On Thursday, India, the second-largest Asian economy, celebrated giving its billion coronavirus vaccine shots, an optimistic milestone for the country where the delta coronavirus variant drove a surge earlier this year, and immature decisions initially held back its vaccination campaign.
According to Our World in Data, around half of the Indian total population (around 1.4 billion) received at least one shot, while almost twenty percent received full vaccination. Many of those doses have come in only the past some months after the rollout suffered in the first half of the year amid COVID vaccine shortages and issues with the system for rolling them out.
India celebrates a remarkable achievement of administering 1 billion #COVID19 vaccine doses today. Congratulations @PMOIndia and @MoHFW_INDIA. UNICEF is proud to partner with Government of India in the fight against #COVID19 @COVIDNewsByMIB #Unite2FightCorona #VaccineCentury pic.twitter.com/0AgO98G0vz
— UNICEF India (@UNICEFIndia) October 21, 2021
Moreover, the campaign’s success is credited with dropping the virus cases in the country since the overwhelming months at the start of the year when India was recording hundreds of thousands of new cases in a single day, and hospitalizations and deaths suddenly touched the peak level. However, experts warn that India must accelerate the delivery of second doses to ensure the pandemic does not burst again.
The nation extended the gap between doses from three to four months to administer more primary shots to nationals at a time of surging infections but limited supply. However, it created a delay in getting Indians fully inoculated. India is using COVID vaccines that require two shots. Accelerating the second shot is an important priority, and the officials would like to see this number go up, the head of the Indian coronavirus taskforce, V.K. Paul.
Indian Companies Resumed Vaccine Exports
When India experienced the surge in cases in April, it halted vaccine exports, but it had a devastating impact on poorer nations that depends explicitly on shots from India. However, after seeing a plunge in the new cases earlier this month, it resumed exporting vaccines to other countries.

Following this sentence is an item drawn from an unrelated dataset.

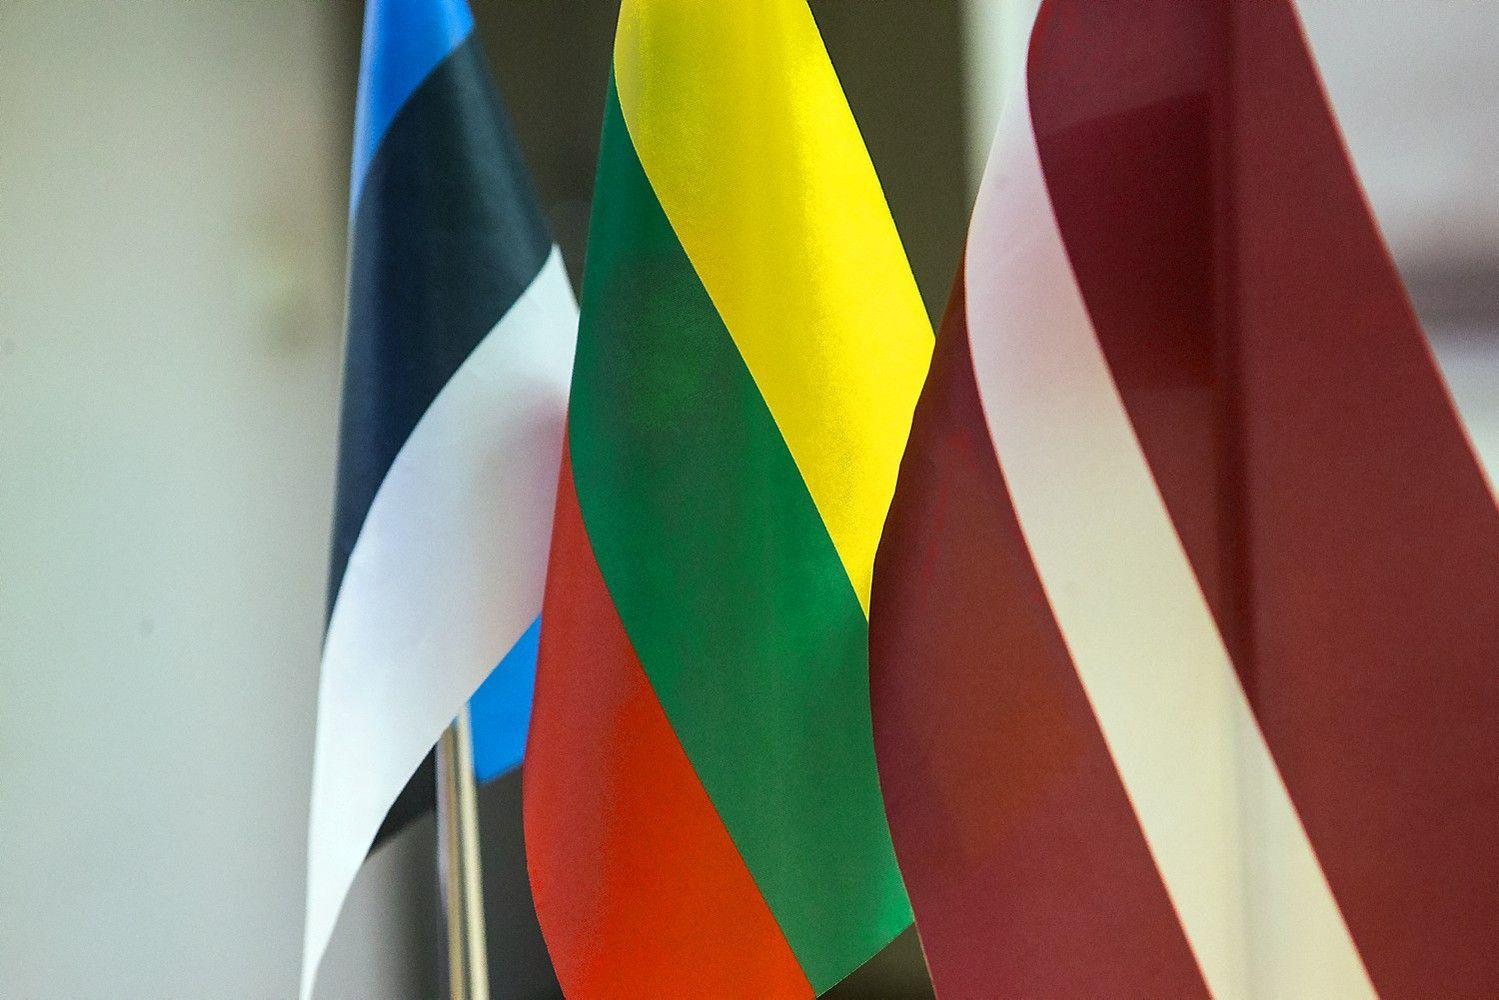 Tris Baltijos šalis verslas paverčia vieno mechanizmo krumpliaračiais

Modi government is now optimistic that the growing vaccine supply of the country will be enough to cover its domestic and international commitments.
Both of the two major vaccine suppliers of the country accelerated the production, with the Serum Institute of India now producing about two hundred and twenty million shots per month and Baharat Biotech around thirty million, Paul said. Still, health experts say the vaccine situation in the country will need constant review. On Thursday, the nation confirmed over eighteen thousand and four hundred new virus cases and one hundred and sixty deaths – dramatically less than the worst days in May when the death rate beat four thousand.

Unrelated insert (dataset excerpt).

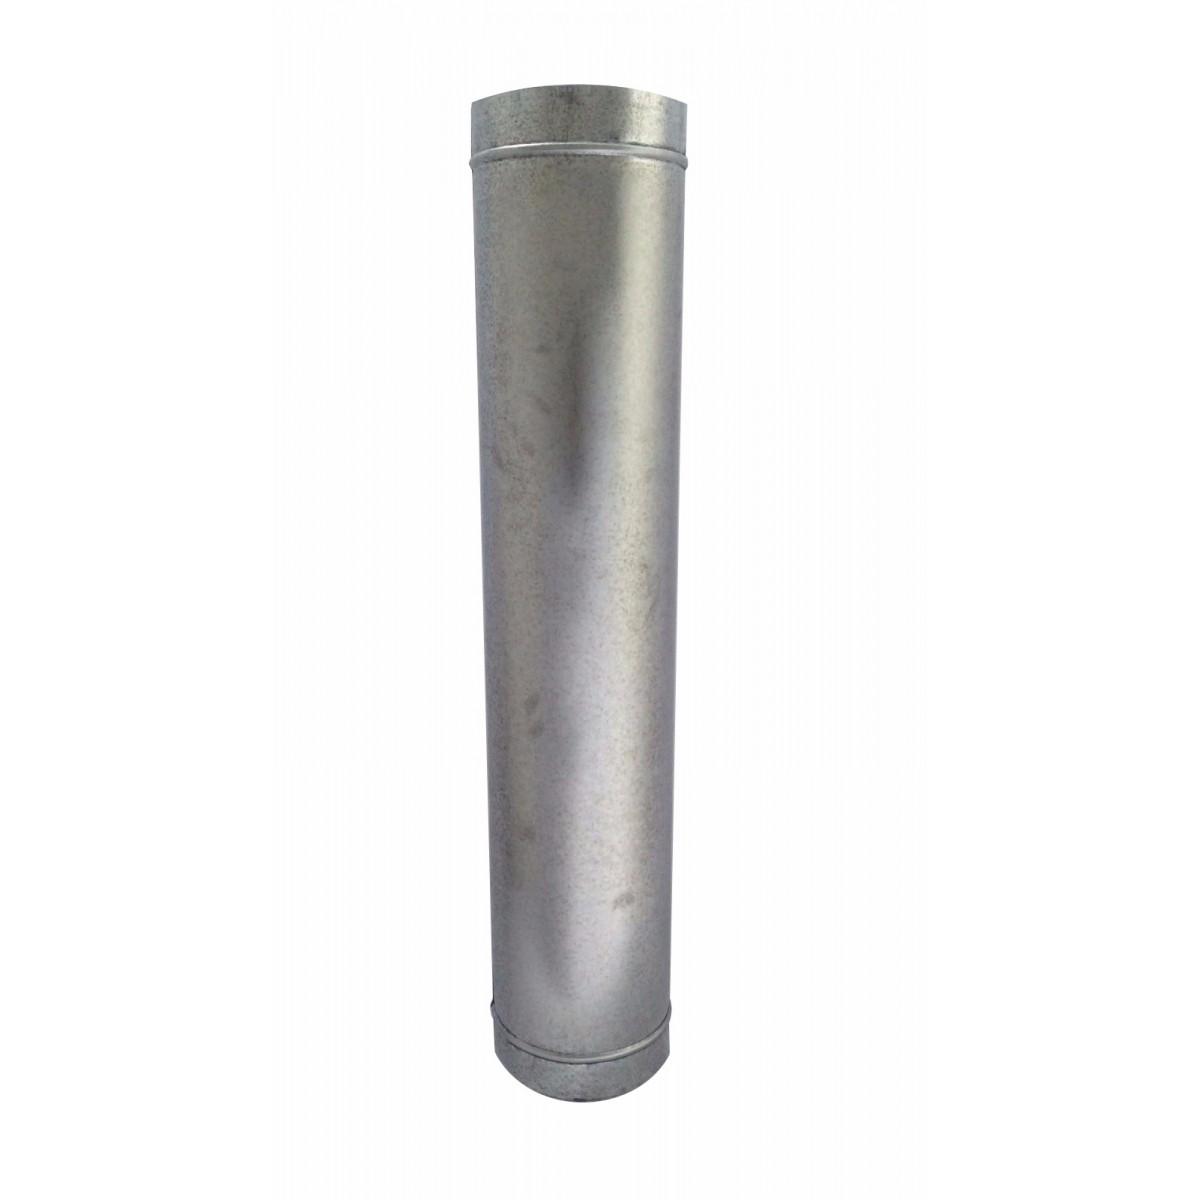 Duto galvanizado para chaminé de 150 mm de diâmetro  - Galvocalhas

India Aimed to Vaccinate all Eligible Adults by Year-end
Overall, the nation recorded about thirty-four million infections coronavirus cases and over four hundred fifty thousand deaths, according to the Indian Health Ministry, though those statistics are likely undercounting. Earlier, Indian officials said that it intended to immunize all eligible adult nationals by the year-end, but according to experts, the current pace of vaccinations will need to surge to meet this goal, even though it has already risen significantly.
Though the vaccination campaign began in January, just around 3.5 percent of the total population received full vaccination by mid-June. Nevertheless, India celebrated the achievement of one billion doses with a flourish Thursday – though it is not that surprising since it is the second-most populous country in the world. Whereas the first nation to reach that goal was China, which is the most populous country.
The officials posted billboards across New Delhi to announce the feat with a picture of Indian Prime Minister Narendra Modi. Outside the house of a local politician in the capital city, residents gathered to celebrate the achievement. During the last some months, life in India has come back to normal. Local markets buzz with activity and joy, and state officials once again allowed tourists after a nineteenth-month pause, and the nation is gearing up to celebrate the religious festival, Diwali.